_WHAT IS REQUIRED:_
Could you transcribe the records below exactly, leaving out every picture?
Top of RECORDS SUPPLIED
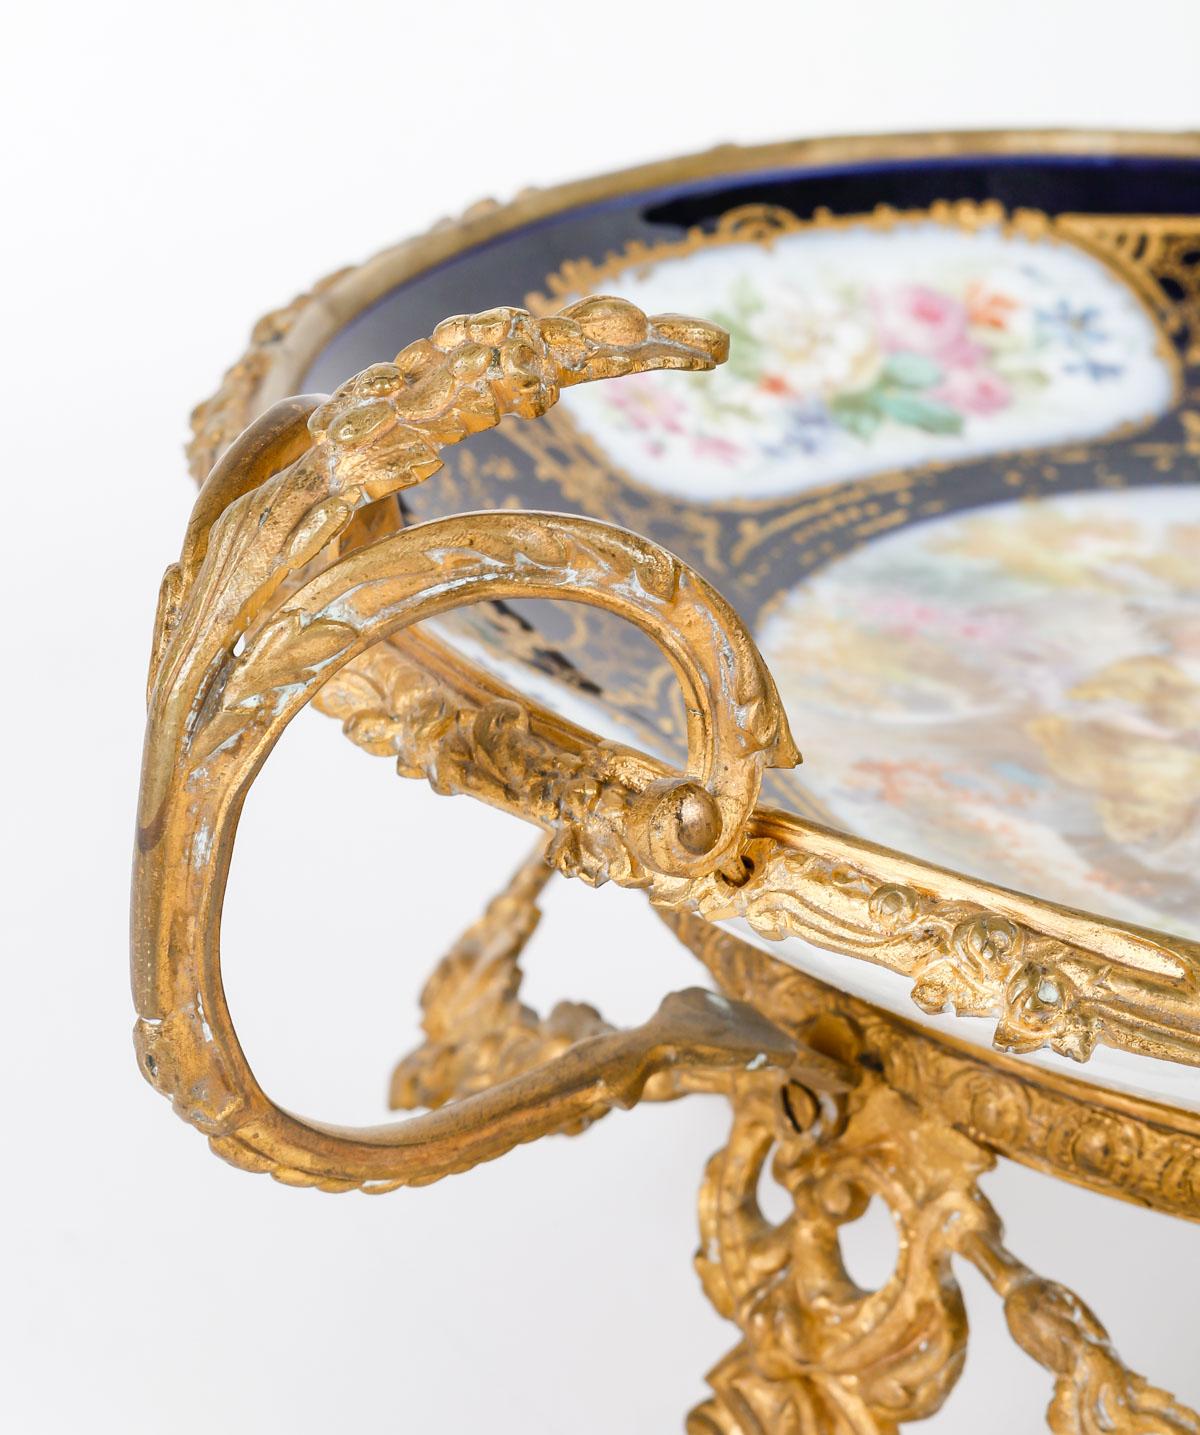 Sèvres Porzellantasse und vergoldete Bronzemontierung, Napoleon III.

Porzellanschale aus Sèvres, 19. Jahrhundert, mit vergoldeter Bronzemontierung, Periode Napoleon III.
h: 17cm, l: 37cm, p: 30cm

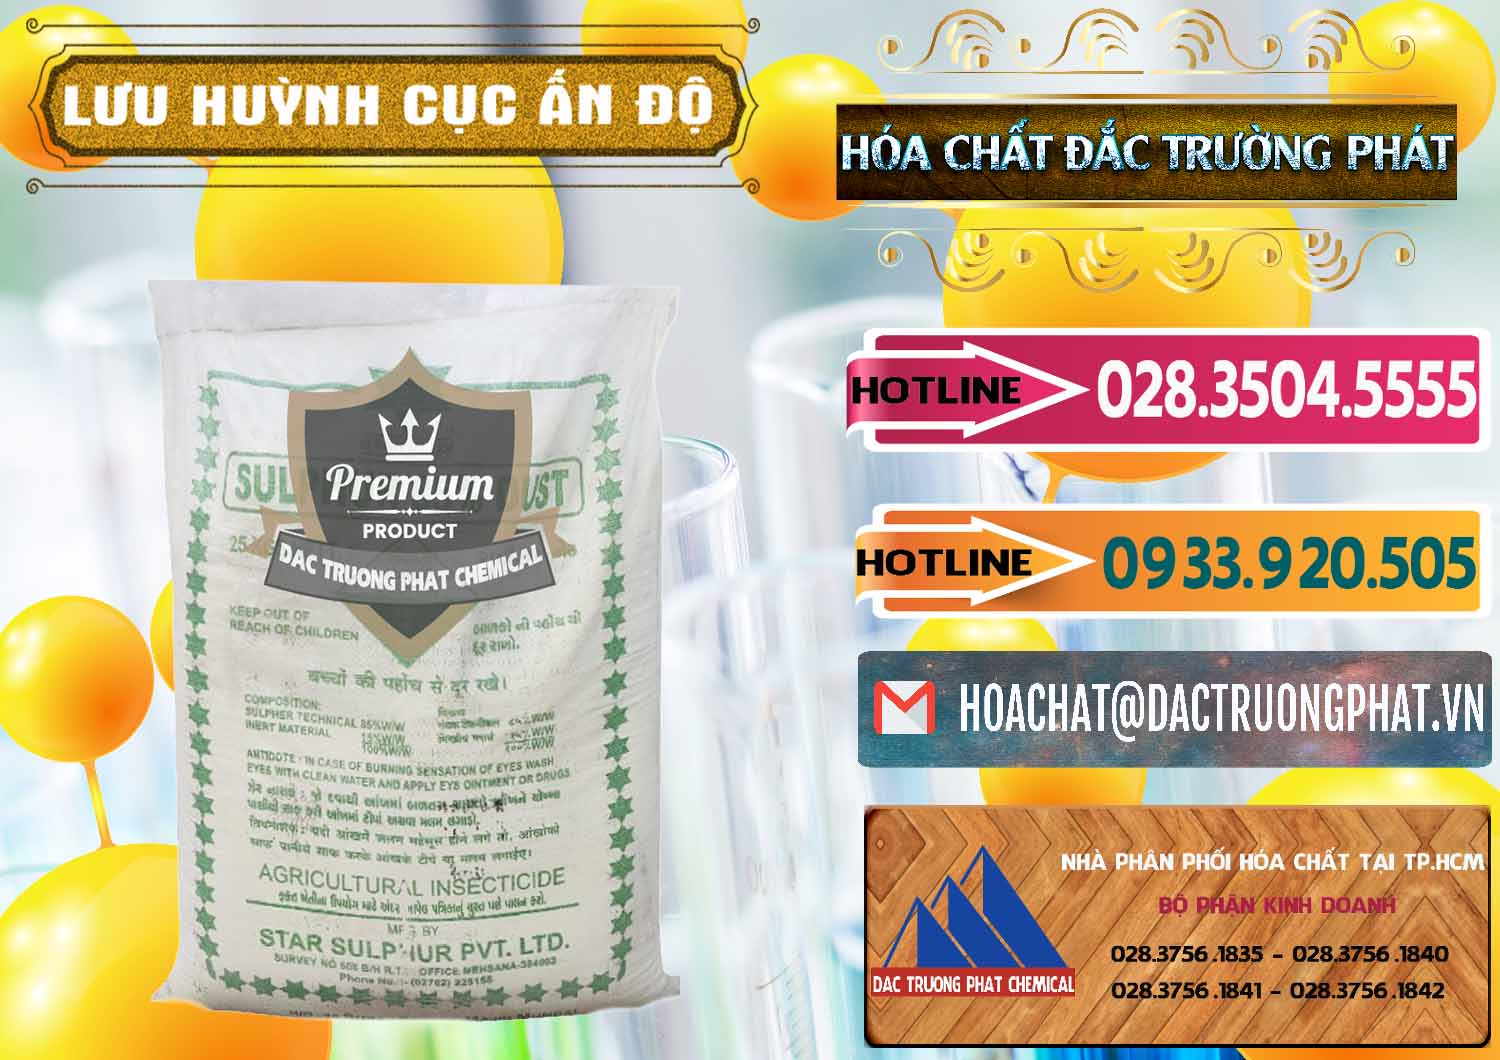 Cty bán ( cung cấp ) Lưu huỳnh Cục - Sulfur Ấn Độ India - 0348 - Đơn vị kinh doanh ( cung cấp ) hóa chất tại TP.HCM - dactruongphat.vn
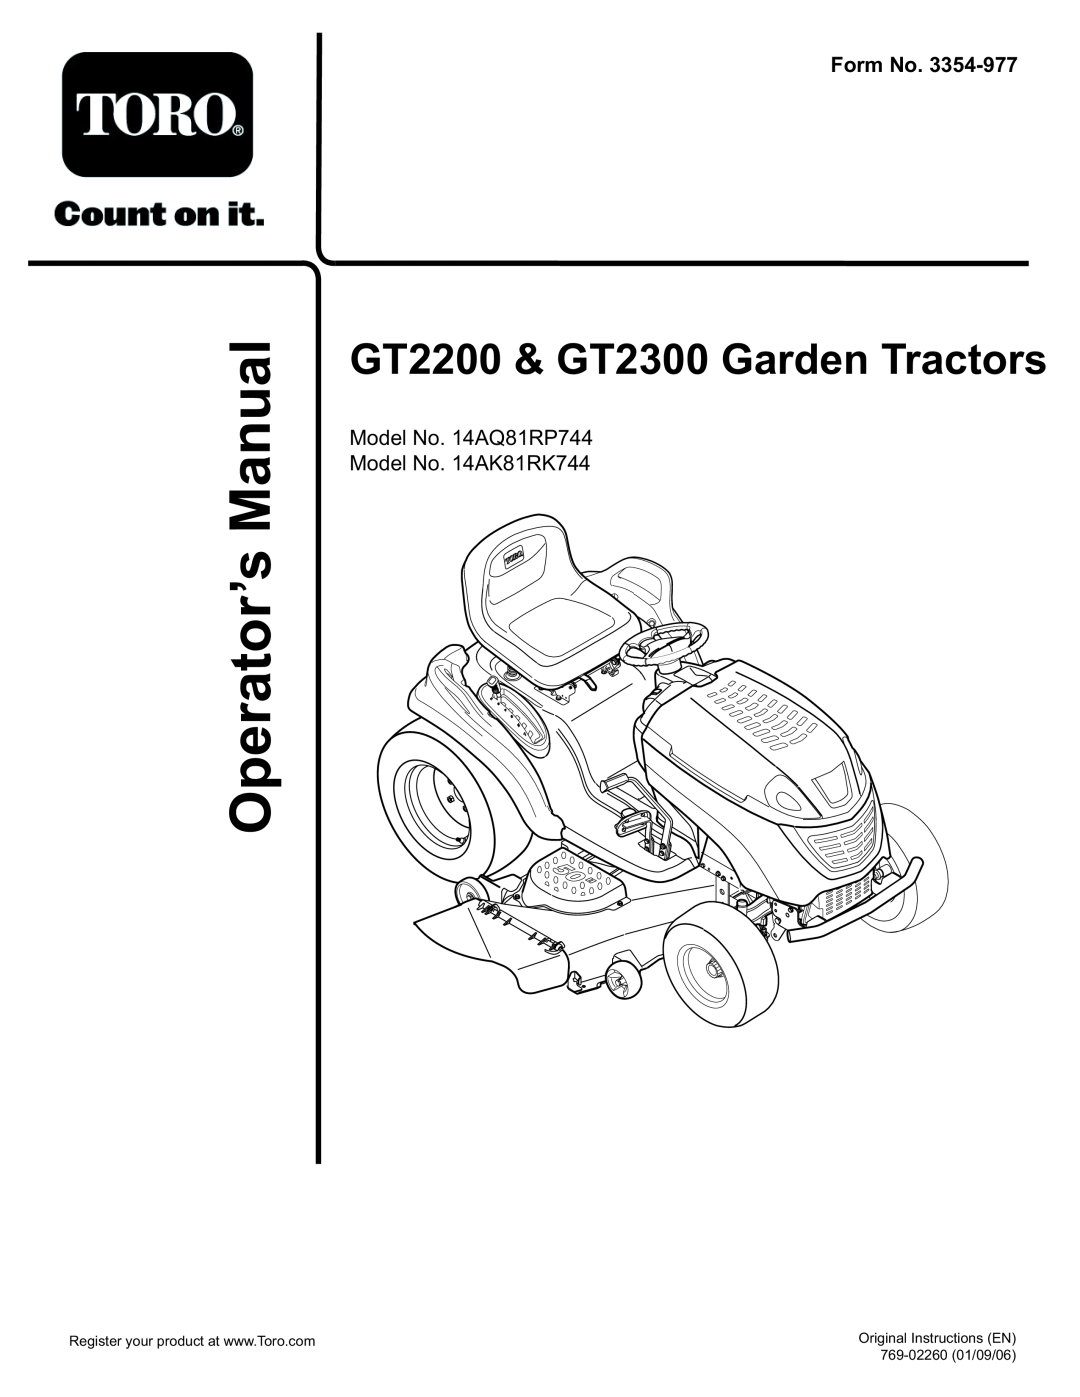 Toro 14AK81RK744, 14AQ81RP744 manual ManualOperator’s, Form No, GT2200 & GT2300 Garden Tractors, Original Instructions EN 
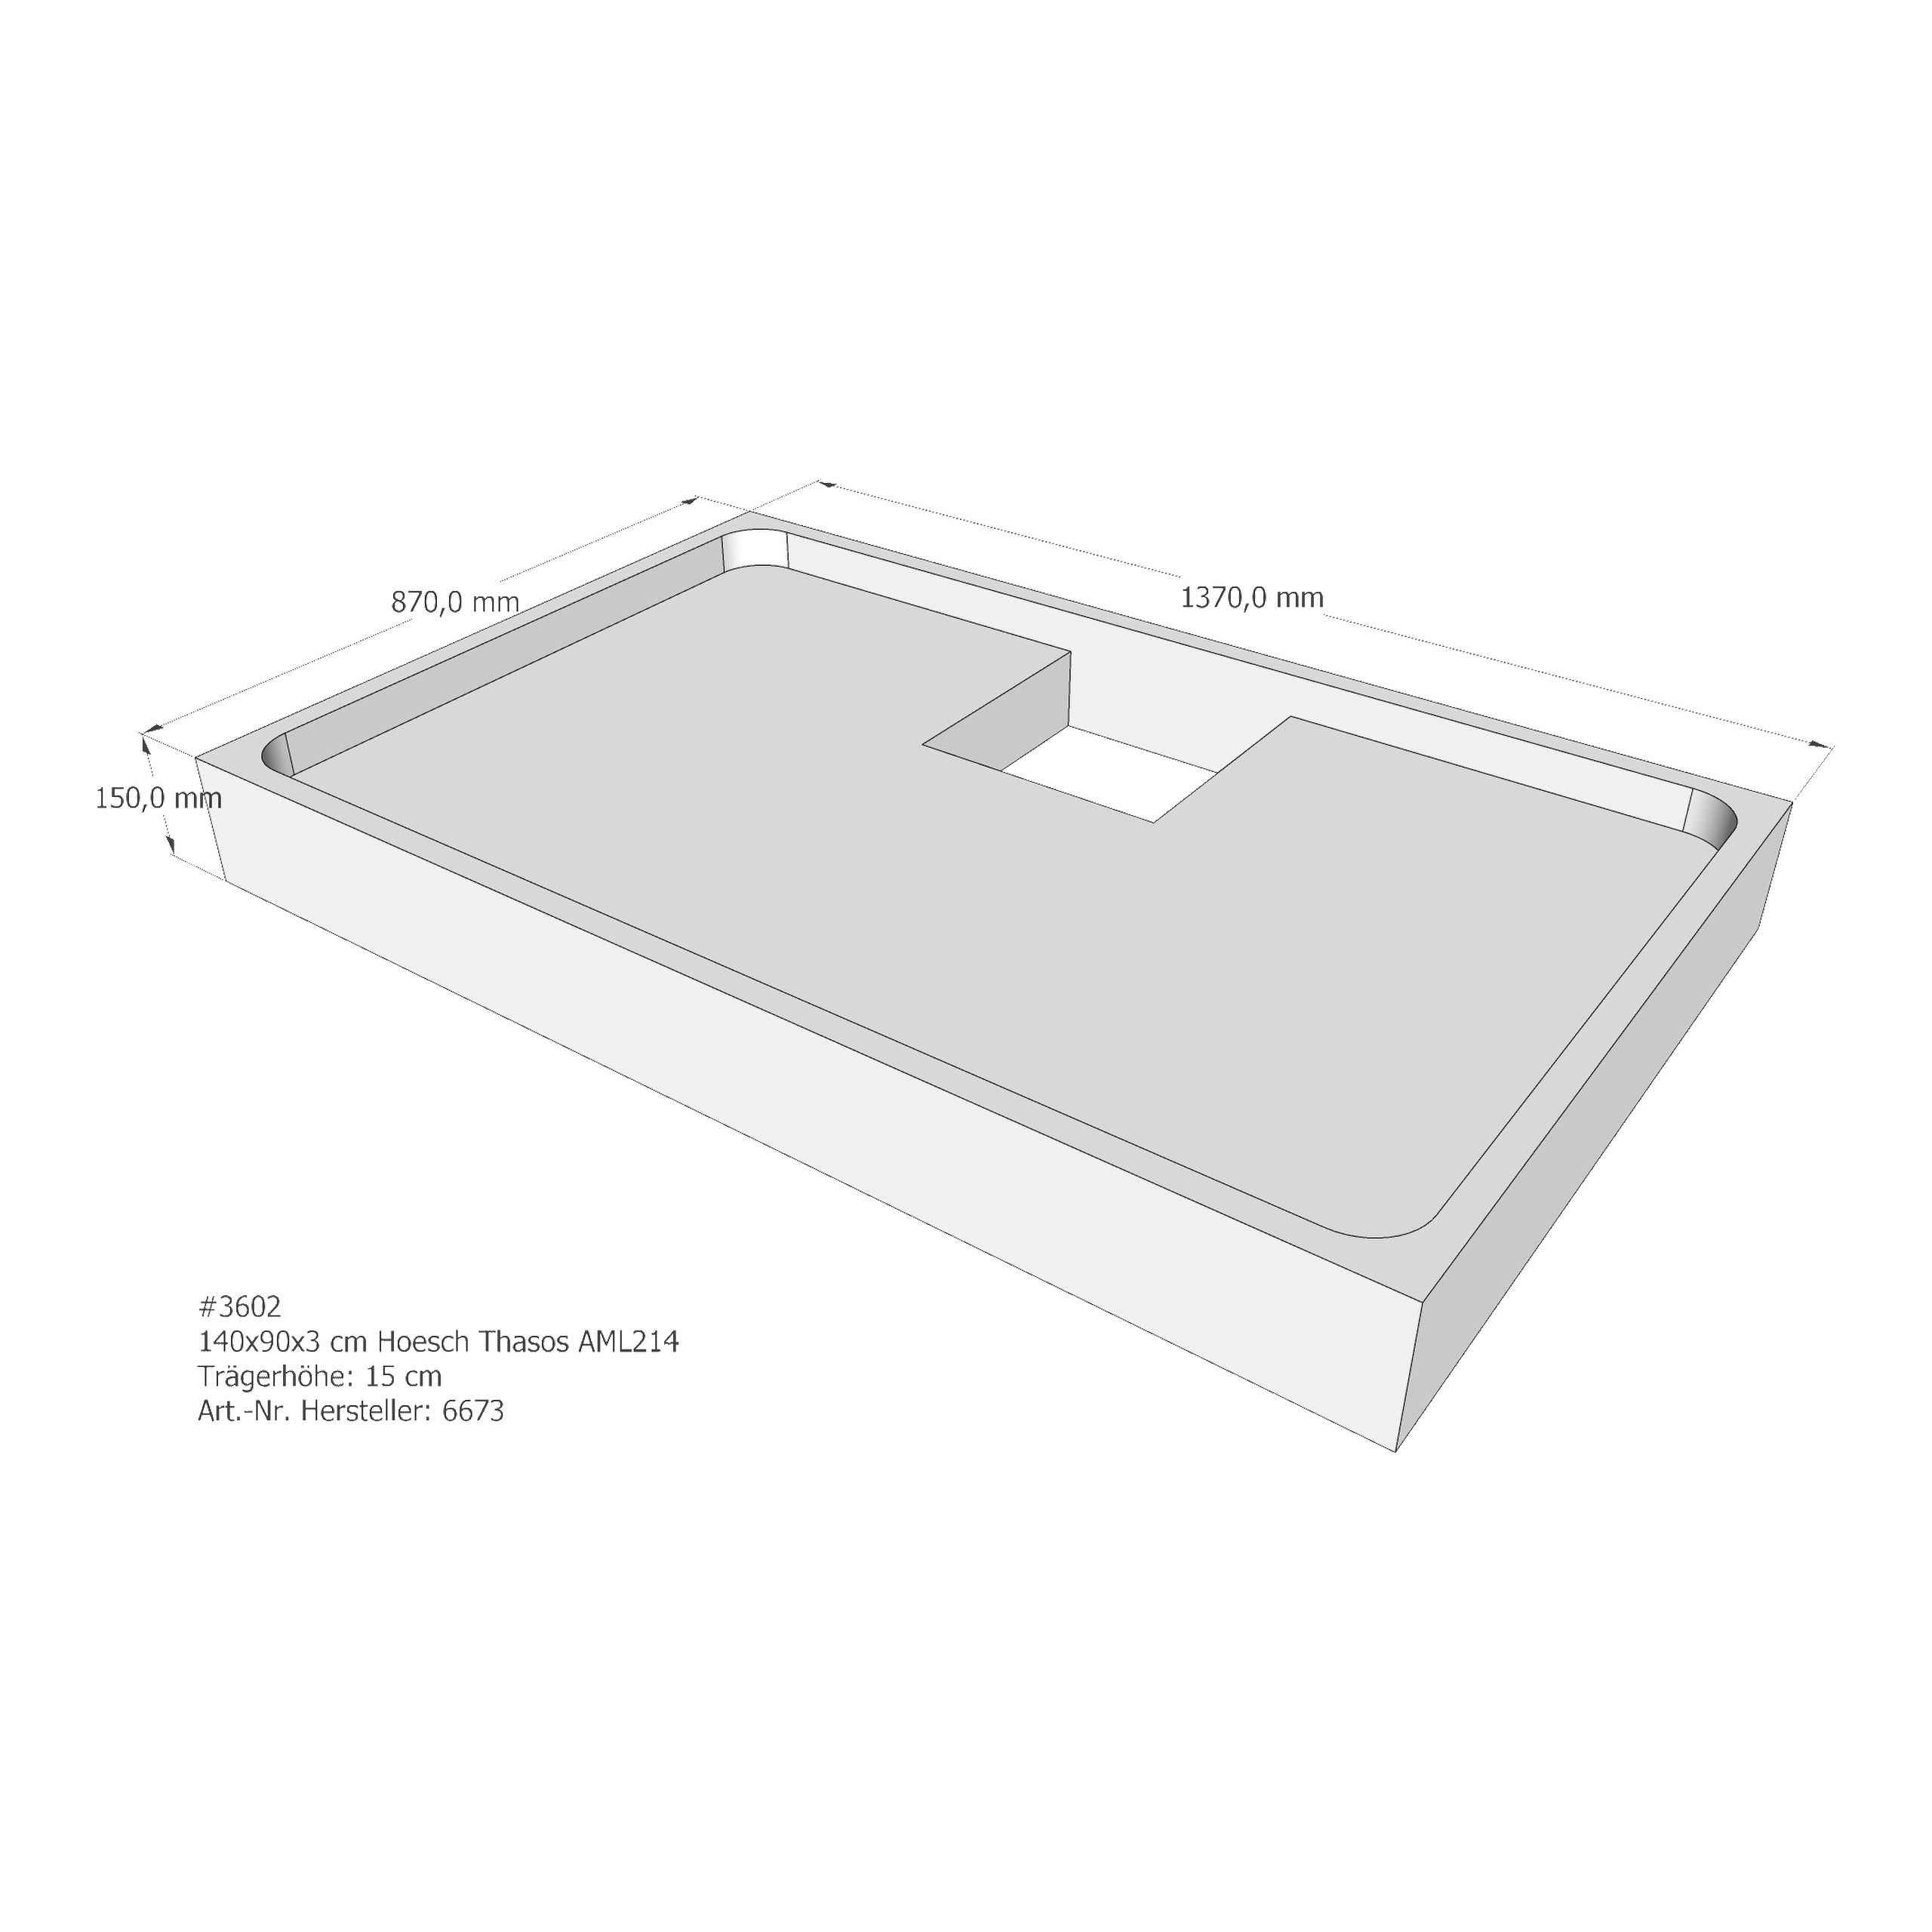 Duschwannenträger für Hoesch Thasos 140 × 90 × 3 cm
Bottom of RECORDS SUPPLIED
_EXERCISE OUTPUT:_
 Sèvres Porzellantasse und vergoldete Bronzemontierung, Napoleon III.

Porzellanschale aus Sèvres, 19. Jahrhundert, mit vergoldeter Bronzemontierung, Periode Napoleon III.
h: 17cm, l: 37cm, p: 30cm

 Cty bán ( cung cấp ) Lưu huỳnh Cục - Sulfur Ấn Độ India - 0348 - Đơn vị kinh doanh ( cung cấp ) hóa chất tại TP.HCM - dactruongphat.vn
 Toro 14AK81RK744, 14AQ81RP744 manual ManualOperator’s, Form No, GT2200 & GT2300 Garden Tractors, Original Instructions EN 
 Duschwannenträger für Hoesch Thasos 140 × 90 × 3 cm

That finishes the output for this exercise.